From the Dreams of a Generation to the Theory of Dreams: Freud's Roman Dreams

By Meghnagi, David | International Journal of Psychoanalysis, June 2011 | Go to article overview

From the Dreams of a Generation to the Theory of Dreams: Freud's Roman Dreams


Meghnagi, David, International Journal of Psychoanalysis


In The Interpretation of Dreams, Freud's interpretation of oedipal desires does not occur at the expense of historical and personal desires, which are always there as a backdrop. In the relentless examination of his own dreams that Freud makes in order to show the mechanisms inherent in all oneiric deformation, we are also led to another, specifically historical, aspect of the issue of Jewish emancipation, which he experiences at first hand. By analysing his own dreams, Freud not only shows us the mechanisms governing dream formation, but also develops a pointed critique of his contemporary society and its prejudices.

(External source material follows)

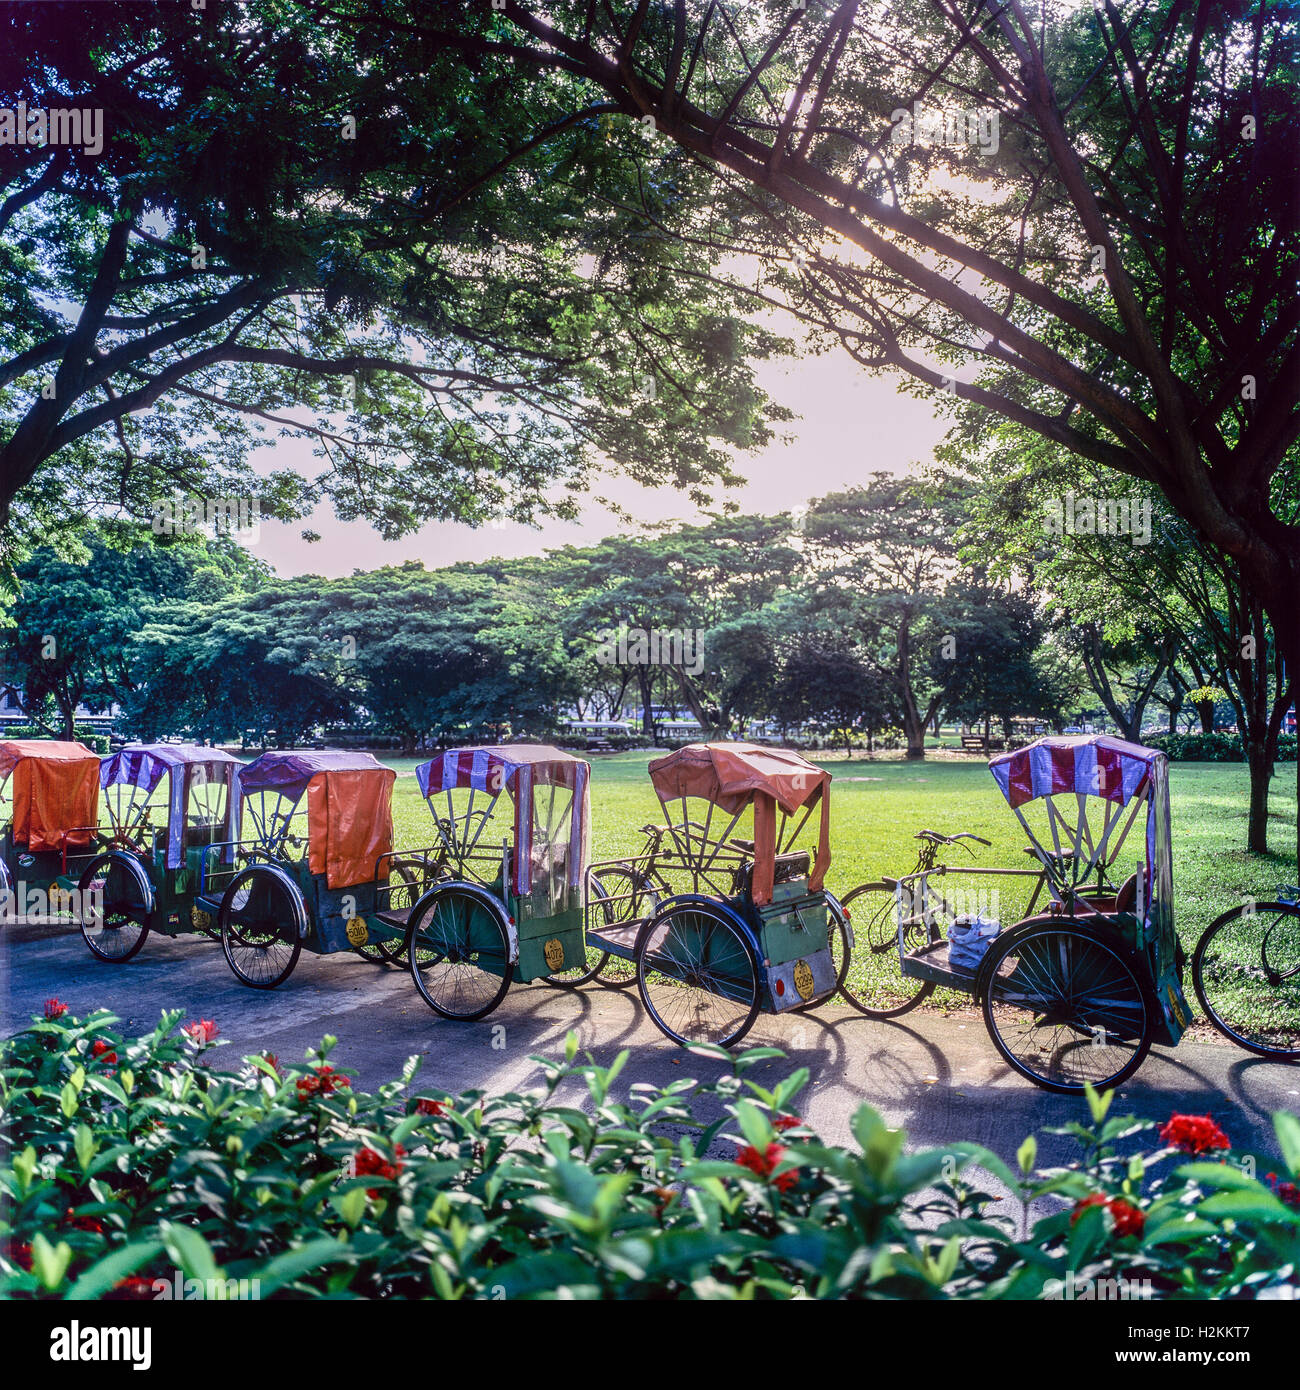 Trishaws for hire, Singapore, Asia Stock Photo

Keywords: desires, dreams, Jewish emancipation

'Pursuit' is merely an image. I might also say 'assault on earthly limits', meaning an assault from below, from the human side, and since also this is merely an image, I can replace it with an assault from above, downwards towards myself.

All this literature - it's an assault on limits - and if Zionism had not intervened, it might easily have evolved and become a new esoteric doctrine - a Kabbalah ...

(F. Kafka, Confessions and Diaries)

An uninterpreted dream is like an unopened letter.

(Talmud, Berakhot)

In the Traumdeutung, Freud's interpretation of oedipal desires does not occur at the expense of historical and personal desires, which are always there as a backdrop.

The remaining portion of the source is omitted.